Elle posa la selle sur son présentoir et se tourna vers moi, en fronçant à nouveau ses fins sourcils, mais cette fois, l'expression de son visage était plus inquisitrice.

- Tu es nouvelle ?

- Oui, je viens de Tokyo.

- Hum, suis-moi dans mon bureau.

Je m'écartai pour la laisser passer devant moi et lui emboitai le pas. À ce stade, je ne savais pas trop à quoi m'en tenir avec ces quelques échanges passés avec elle. Cette fille ne semblait pas faire preuve de méchanceté ou d'hostilité envers moi mais elle semblait méfiante. J'avais espéré que la présidente du club, auquel j'allais y passer un nombre incalculable d'heures et donc en sa présence, serait amicale. Je pouvais faire une croix dessus.

N'y avait-il aucun espoir de trouver une personne gentille dans cette foutue académie ?

Elle m'invita à entrer dans son bureau à l'aspect très sommaire. Le strict minimum regroupé dans un coin alors qu'elle avait de la place pour aménager plusieurs meubles et faire quelque chose de sympa. Mais non, le seul meuble présent dans cette pièce était un petit bureau blanc composé de quelques tiroirs.
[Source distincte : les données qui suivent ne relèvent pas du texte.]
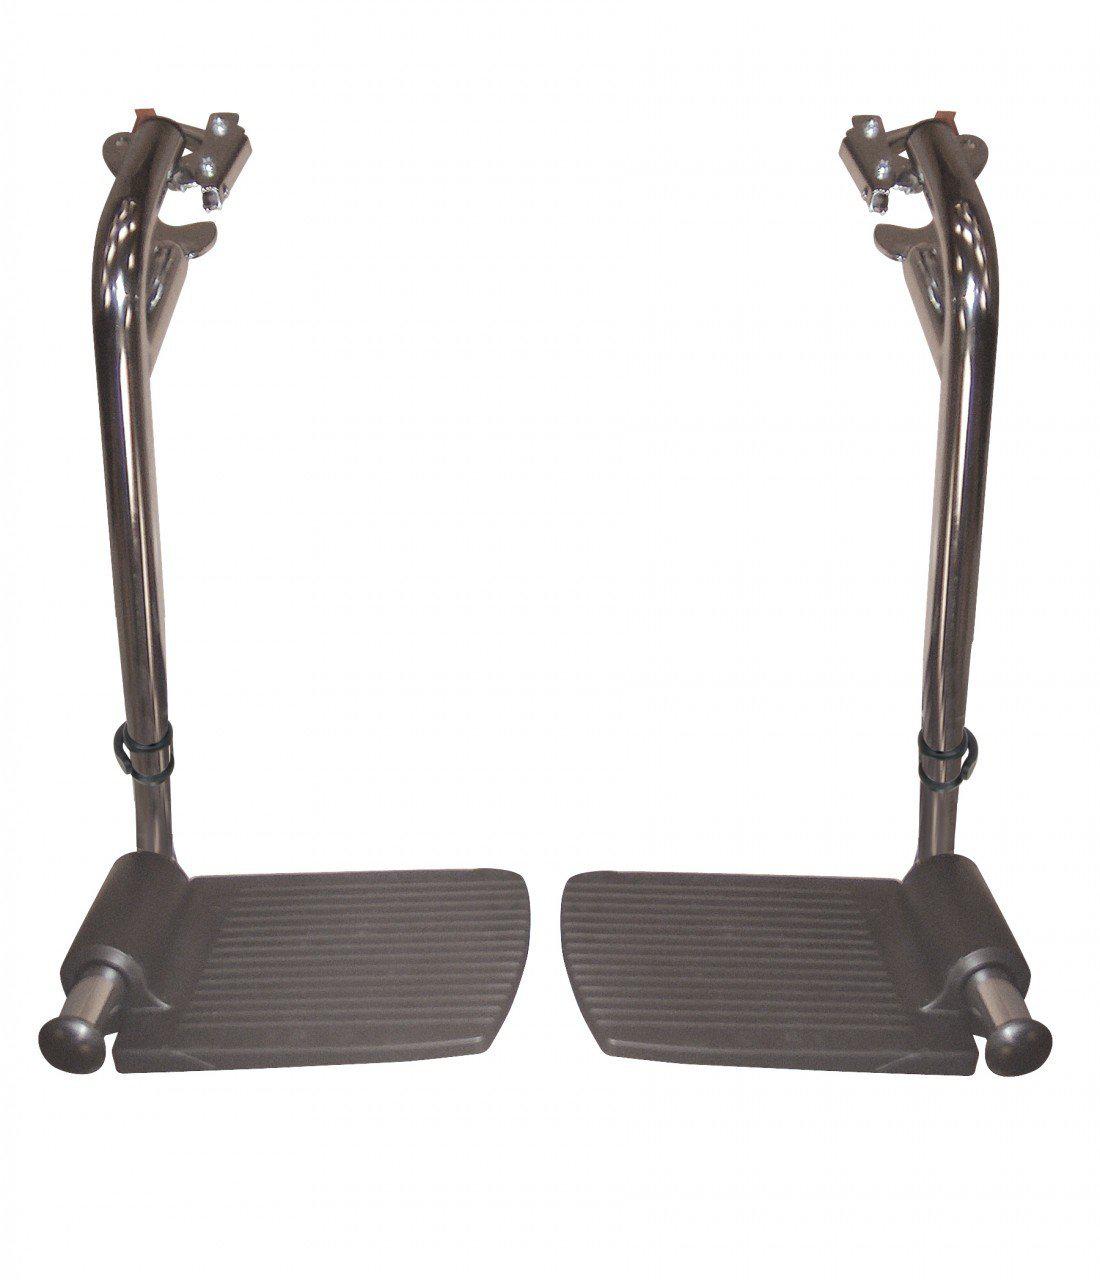 Swing Away Footrests for Sentra EC 16", 18" and 20" Wide Wheelchairs  pstdsf-tf

Même pas une plante, de cadre photo ou autre objet décoratif agrémentant le tout. Elle prit place derrière son bureau en me montrant la chaise pliable en face d'elle.
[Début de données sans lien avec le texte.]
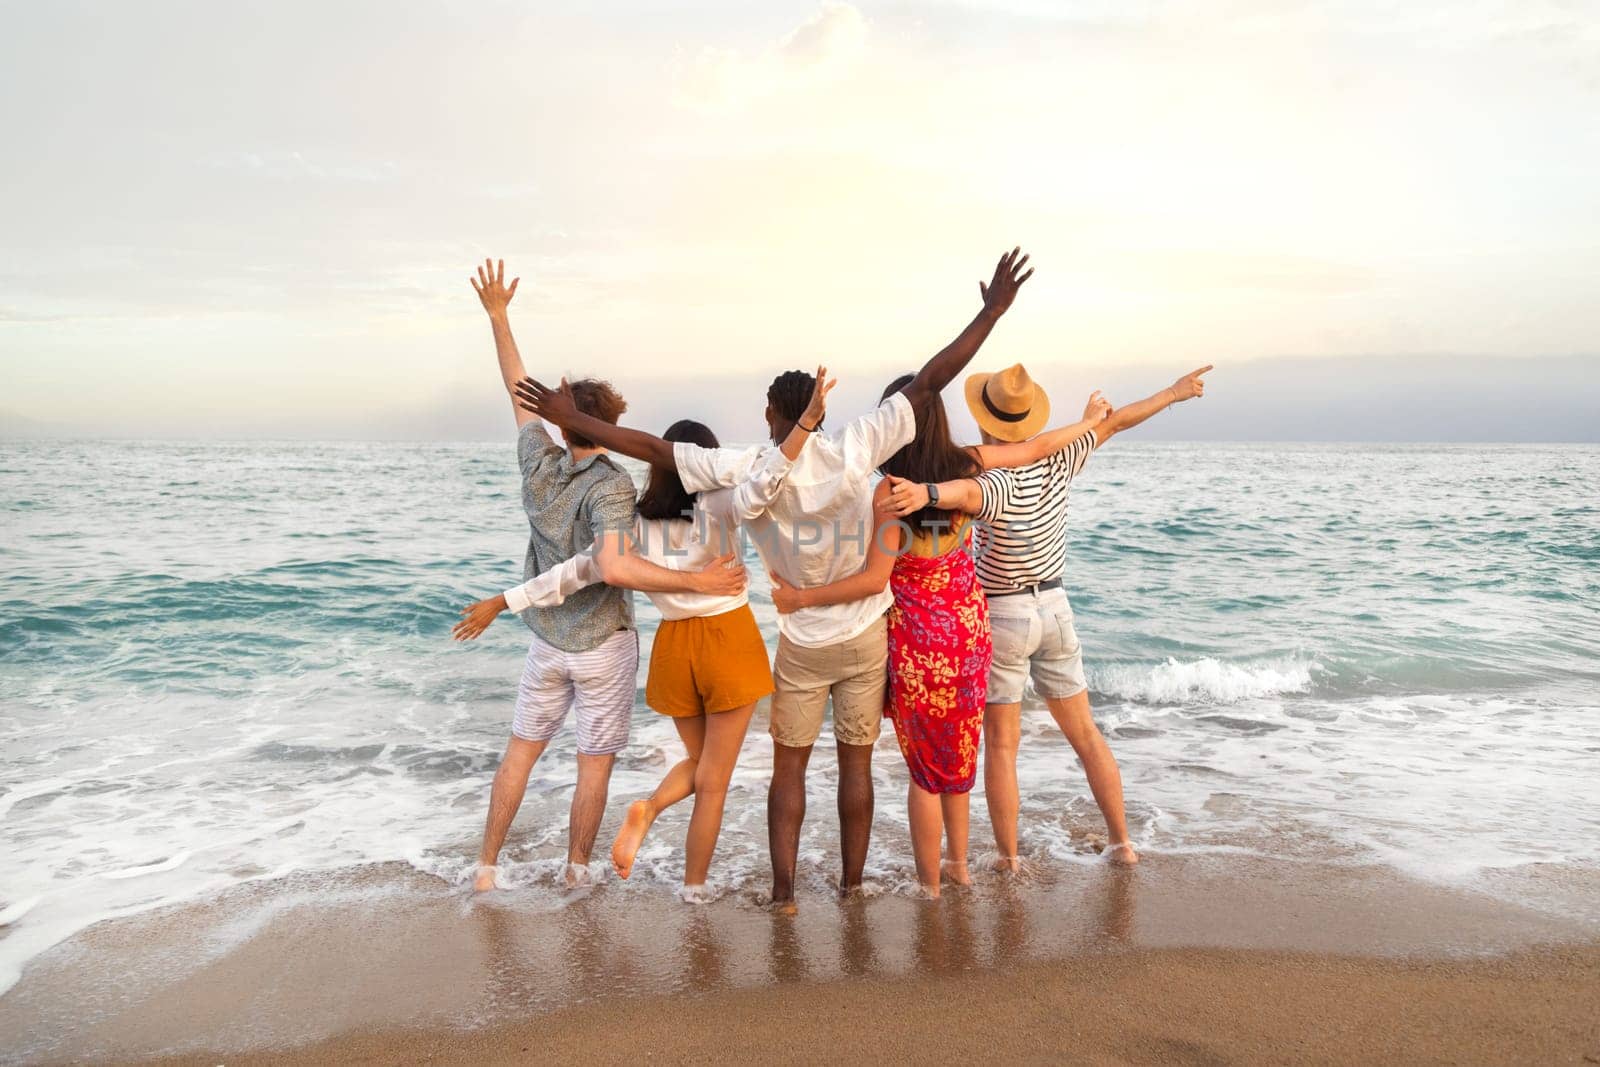 Rear view of multiracial friends embracing together looking at the ocean celebrating with arms up during vacation trip. Friendship concept.

- Je vais aller droit au but avant toute chose, commença-t-elle avant de planter son regard vert dans le mien. Si tu es là pour faire une blague ou parce que tu as perdu un pari, tu peux sortir maintenant et ne plus jamais remettre les pieds ici.

Wow.

Moi qui avais pour habitude de savoir parfaitement maîtriser les expressions de mon visage, j'ai dû faire une tête un peu choquée par la façon très directe, et cette fois-ci, légèrement agressive, dû au ton qu'elle avait employé.

- Euh, je… Non, je suis ici de mon plein gré parce que j'en ai envie, répondis-je un peu abasourdie.

- Sûre ? Insista-t-elle

- Oui, pourquoi ? Des personnes ont vraiment fait ça ? Questionnai-je un peu perdue par rapport à ses propos.

Les traits sévères, voir même menaçants avait quitté son visage et ses épaules s'étaient légèrement détendues.

- Et pas qu'une fois, je ne permets plus qu'on manque encore de respect envers ce club.

- Pourquoi font-ils ça ?

- Ici, les gens n'ont des yeux que pour le club de volley et celui de leur cheerleader. Et parmi les autres clubs qui se trouvent dans cette académie, nous sommes celui auquel on n'y accorde le moins d'importance, expliqua-t-elle d'une voix amère.

Je l'avais malheureusement déjà aperçu face à la réaction du professeur sensé superviser ce club, mais je ne pensais pas que cela s'étendait aussi aux élèves.

- Tu sais déjà monter à cheval ? Reprit-elle face à mon silence.

- Je monte depuis mon enfance. En France j'ai le niveau sept, le dernier niveau.

- Oh, tu seras certainement la plus compétente parmi nous, la plupart ont commencés à monter à cheval en arrivant à Shiratorizawa.

- Cela ne me pose pas de problème.

Je vis à nouveau son froncement de sourcils se plisser sur son visage.

- Est-tu sûre que cela ne sera pas un problème ? Que le fait de te retrouver entoude débutants ne te sera pas une gêne ? Insista-t-elle en employant à nouveau un ton froid.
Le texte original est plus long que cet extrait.